La ignorancia histórica de Vidal se refleja también en que la llamada “operación retiro de televisores” se debió a que, al hallarse en 1978 los restos de extremistas ejecutados en 1973 en Lonquén por carabineros rasos y civiles no identificados, ejecutados sin conocimiento de nadie, ni menos de la Junta, esta última decidió precaverse de que otros hallazgos similares fueran ocurriendo posteriormente y, bajo el amparo de la amnistía, investigó los posibles casos de ejecuciones e inhumaciones ilegales en los primeros meses después del 11; y ordenó exhumar los restos y lanzarlos al mar. Todos los nombres de esas personas fueron entregados a la Mesa de Diálogo y a los jueces investigadores de derechos humanos.
 
Por eso casi coincide el número de las personas cuyo destino se ignoraba con el de las personas cuyo destino ha sido determinado.
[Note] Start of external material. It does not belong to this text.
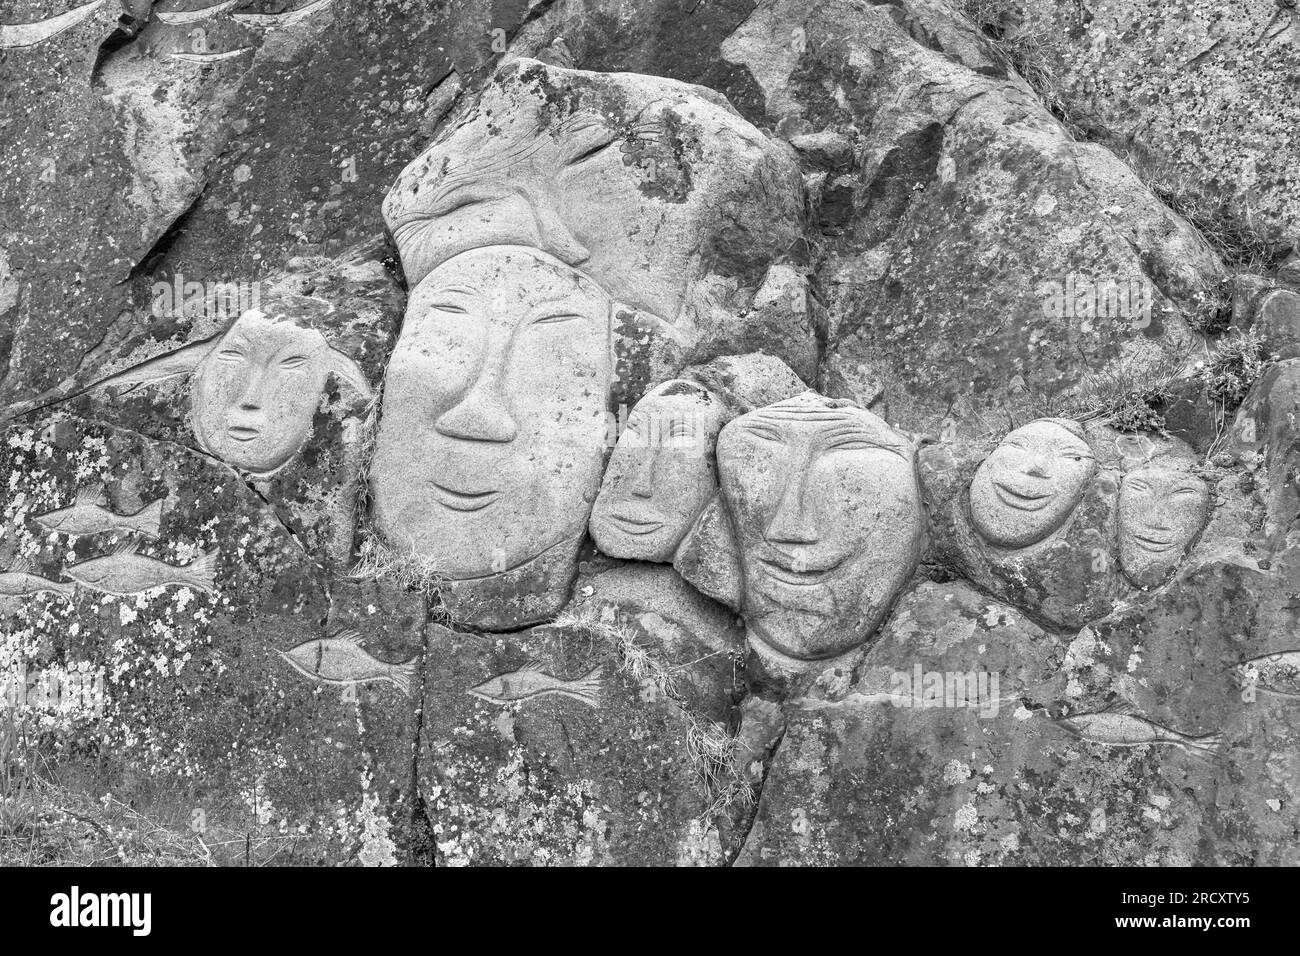 Visages, sculptures rupestres, dans le cadre du projet Stone & Man de l'artiste local aka Høegh à Qaqortoq, Groenland en juillet - monochrome, noir et blanc Banque D'Images

Digo “casi” porque el segundo número excede al primero en seis personas, pero justamente en los últimos dos años han reaparecido seis supuestos “desaparecidos” que, según se ha revelado en cada caso, simplemente se habían marchado del país o habían muerto en circunstancias ajenas a cualquier represión.
 
 
En todo caso, si hubo una retroexcavadora anterior a la actual, es un hecho que nos cambió de los últimos lugares del escalafón latinoamericano a los primeros; y que precisamente la actual, la del senador Quintana, amenaza retrotraernos a la infausta ubicación en que estábamos hasta el 10 de septiembre de 1973. Por suerte, una evidente mayoría de los chilenos de hoy parece no desearlo.